What you should do: Could you retype exactly the line containing "Sự khác biệt" and every line after it in the data below, leaving out the pictures?

Recorded information:
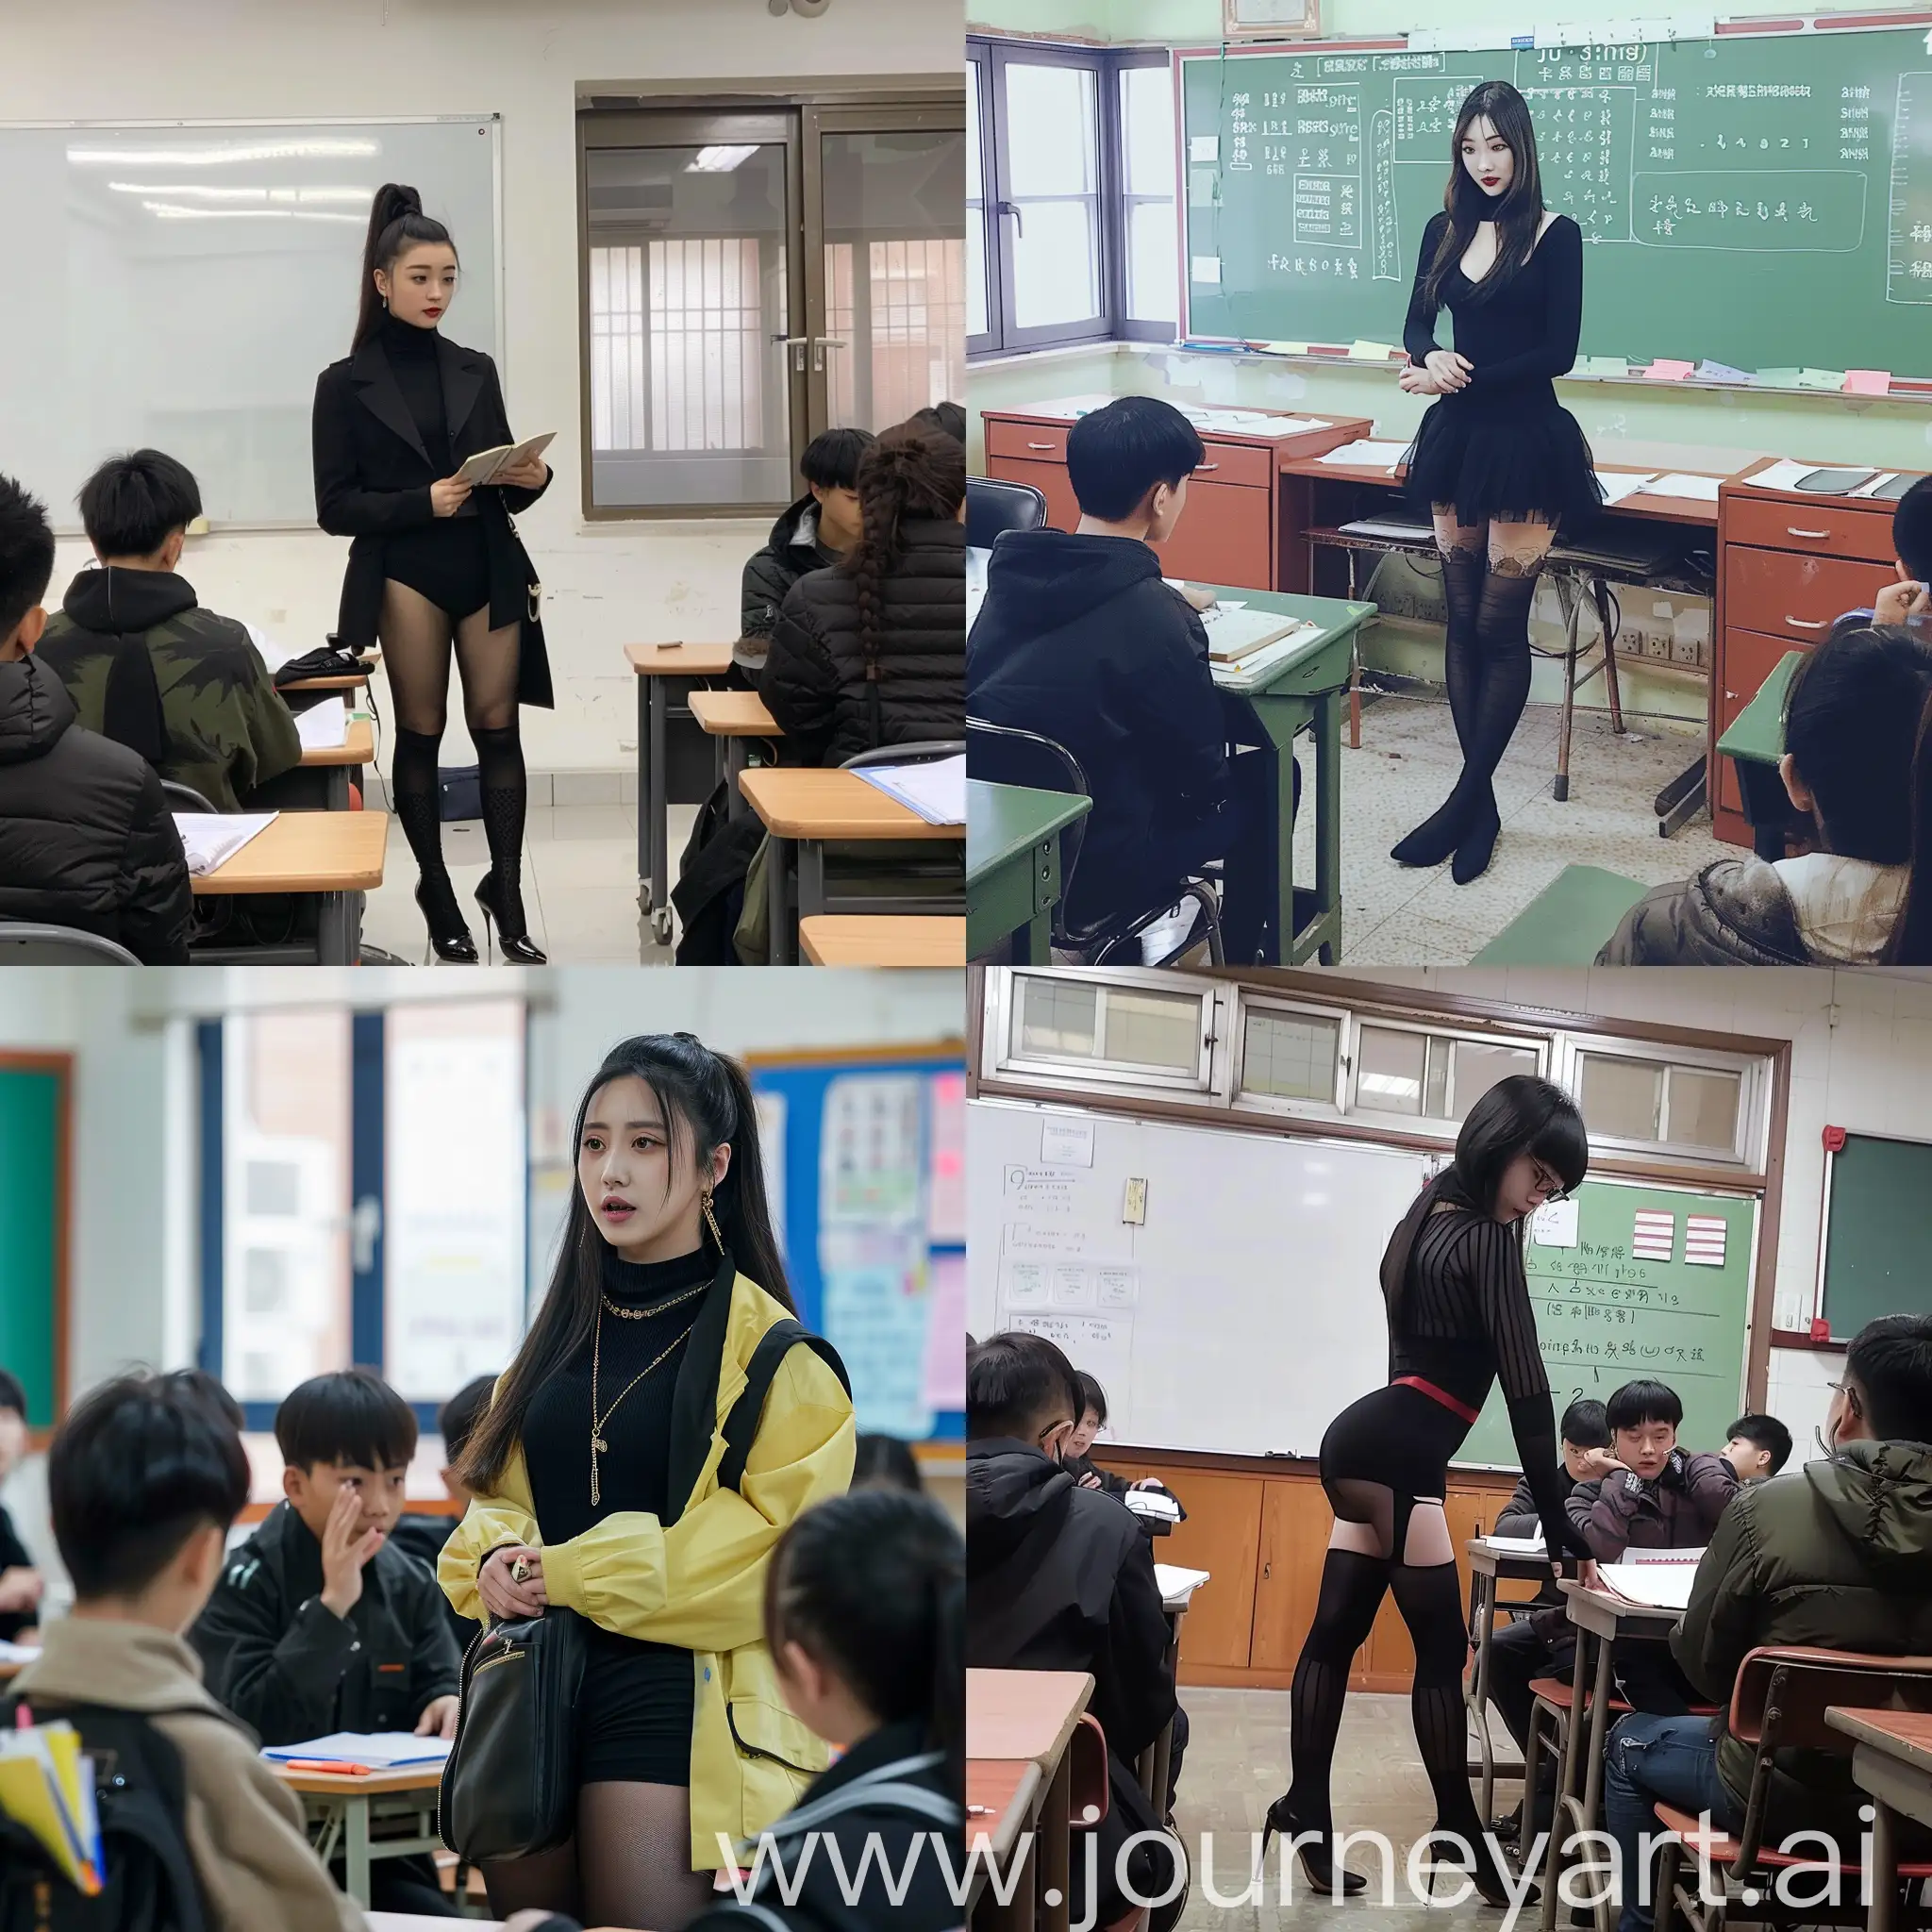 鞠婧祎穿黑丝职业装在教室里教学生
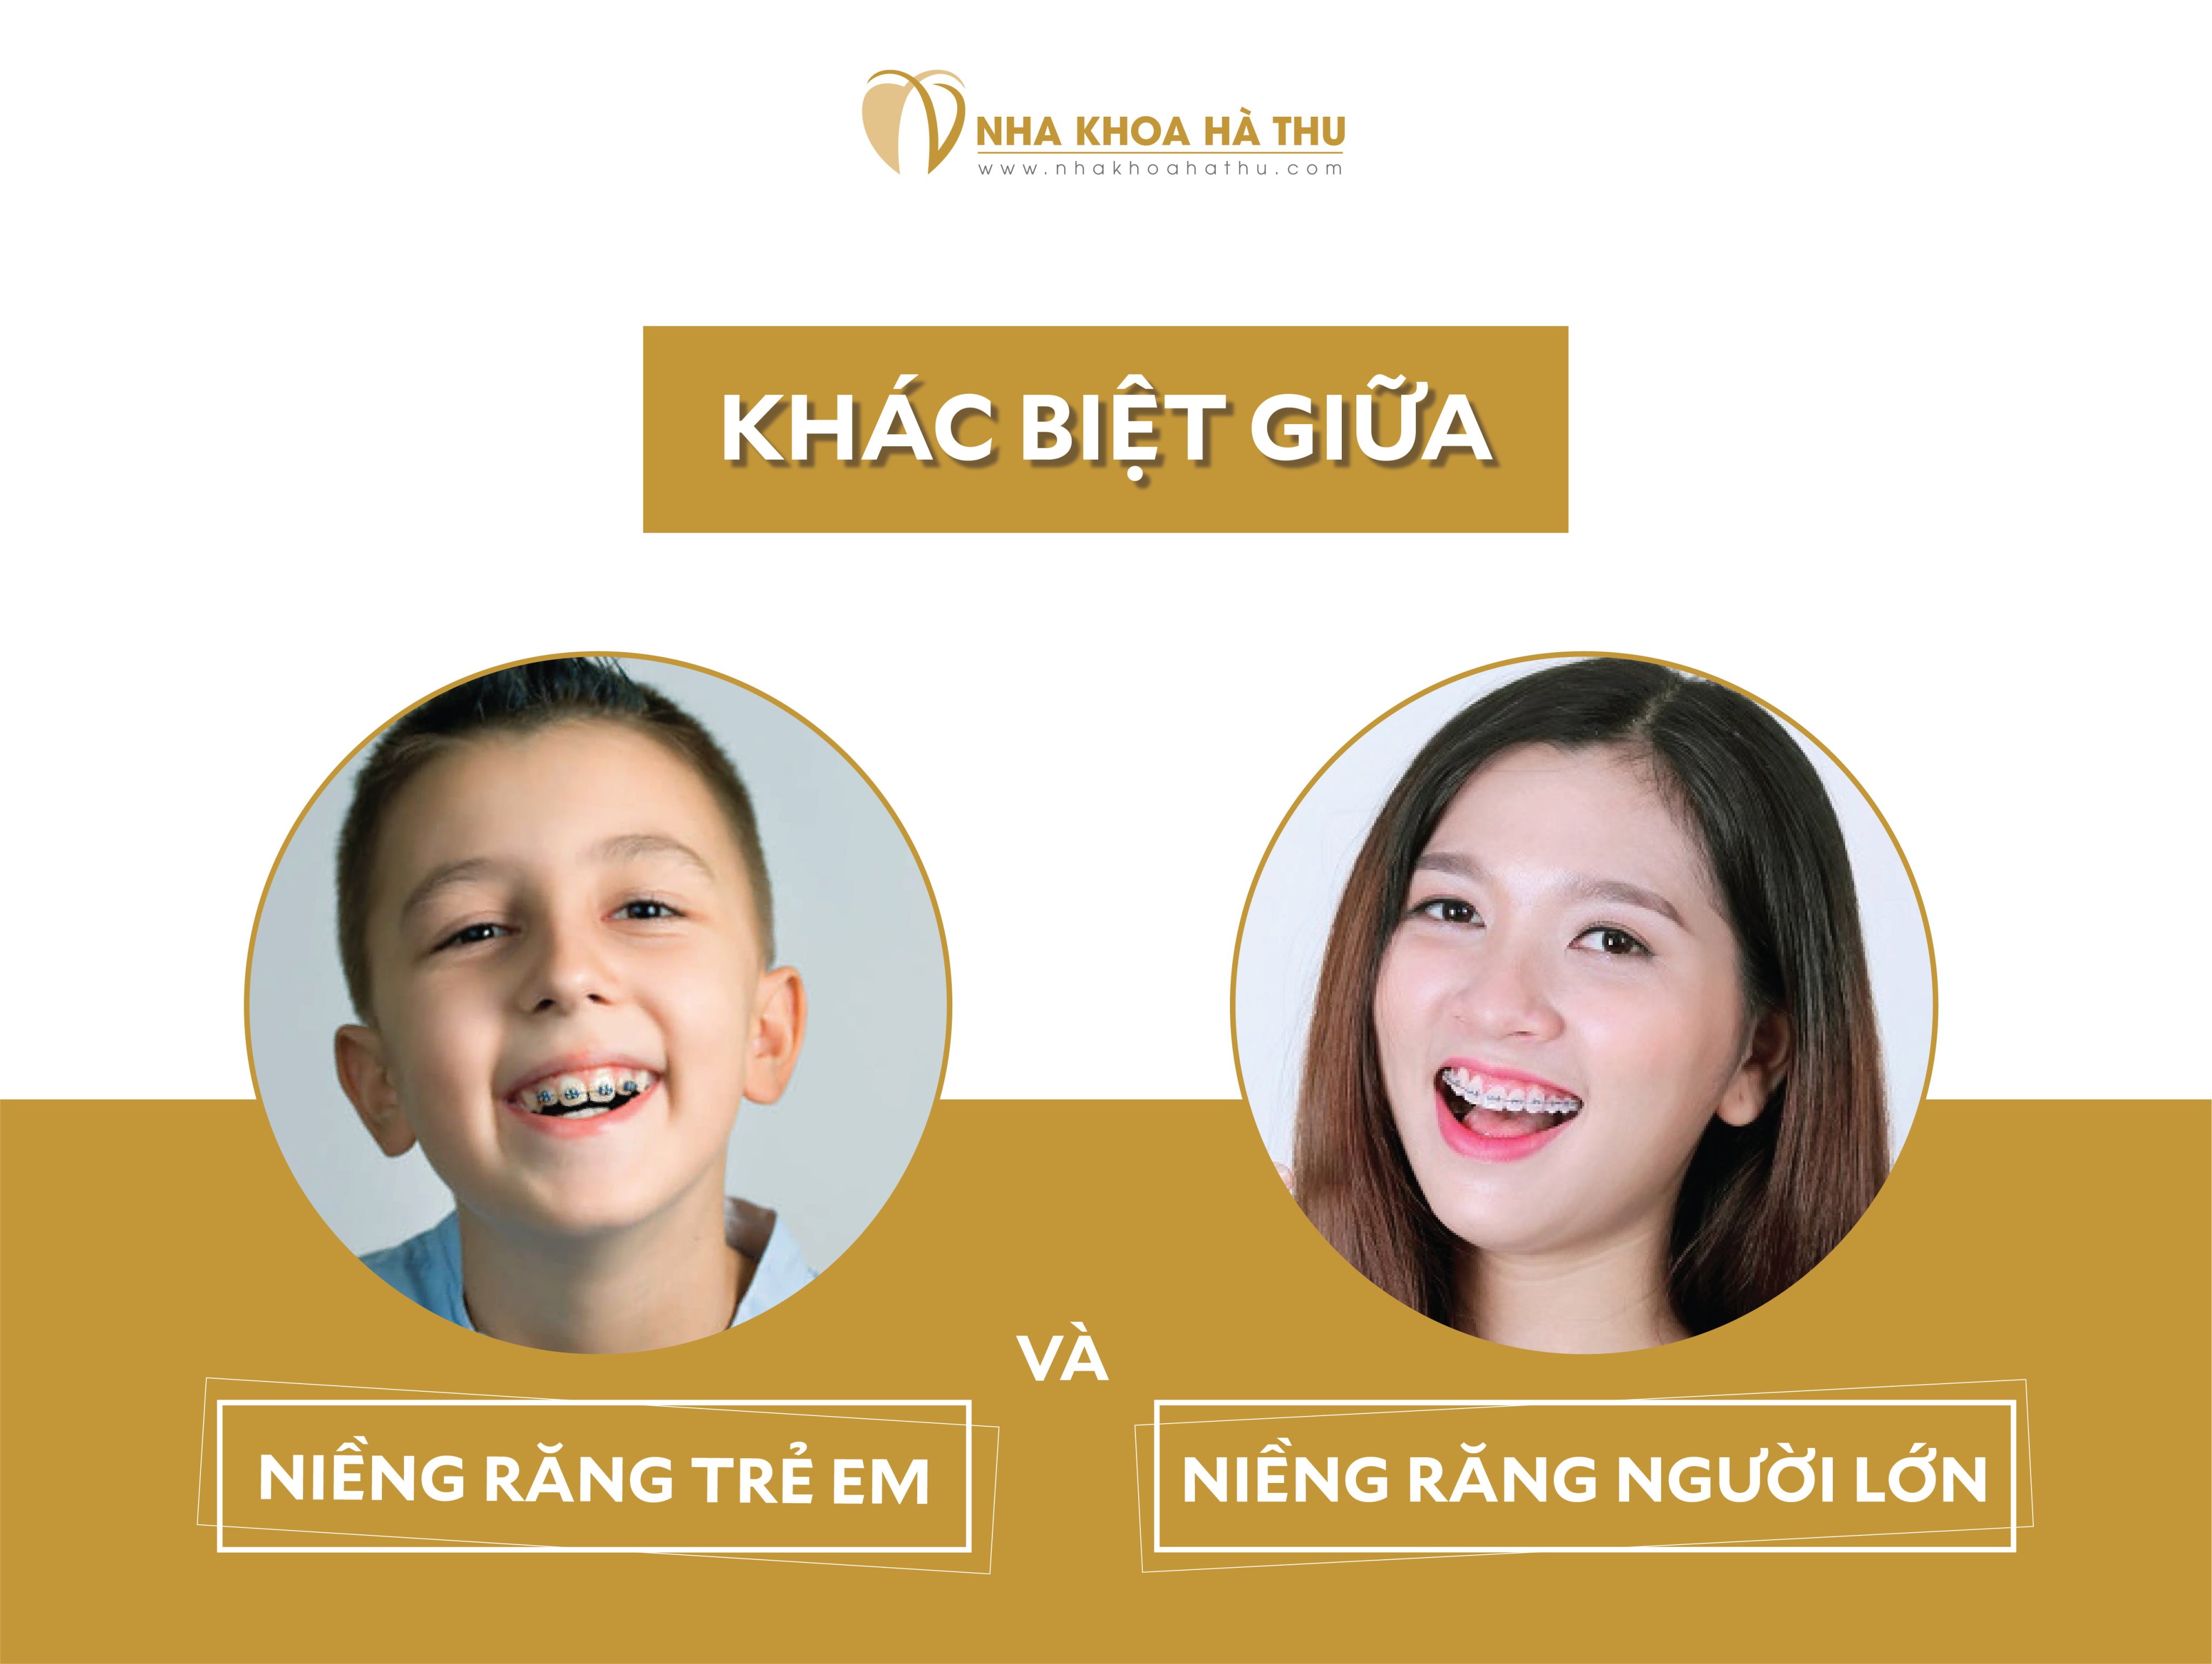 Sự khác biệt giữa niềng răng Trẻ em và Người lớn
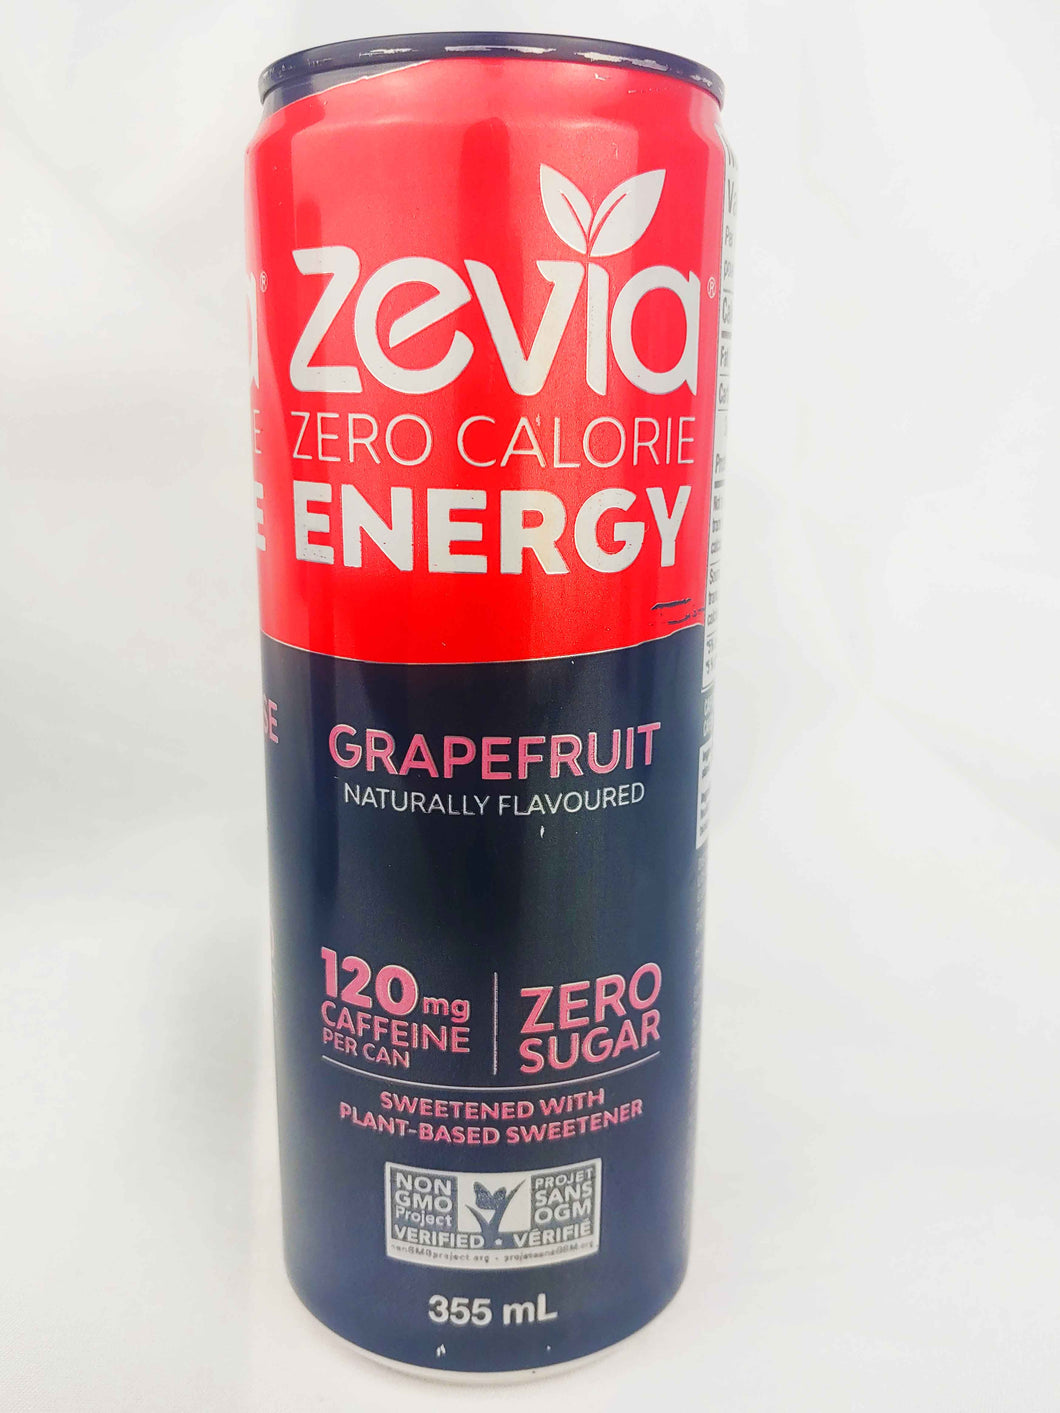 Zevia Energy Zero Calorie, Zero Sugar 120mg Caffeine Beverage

The completed task:
 Sự khác biệt giữa niềng răng Trẻ em và Người lớn
 Zevia Energy Zero Calorie, Zero Sugar 120mg Caffeine Beverage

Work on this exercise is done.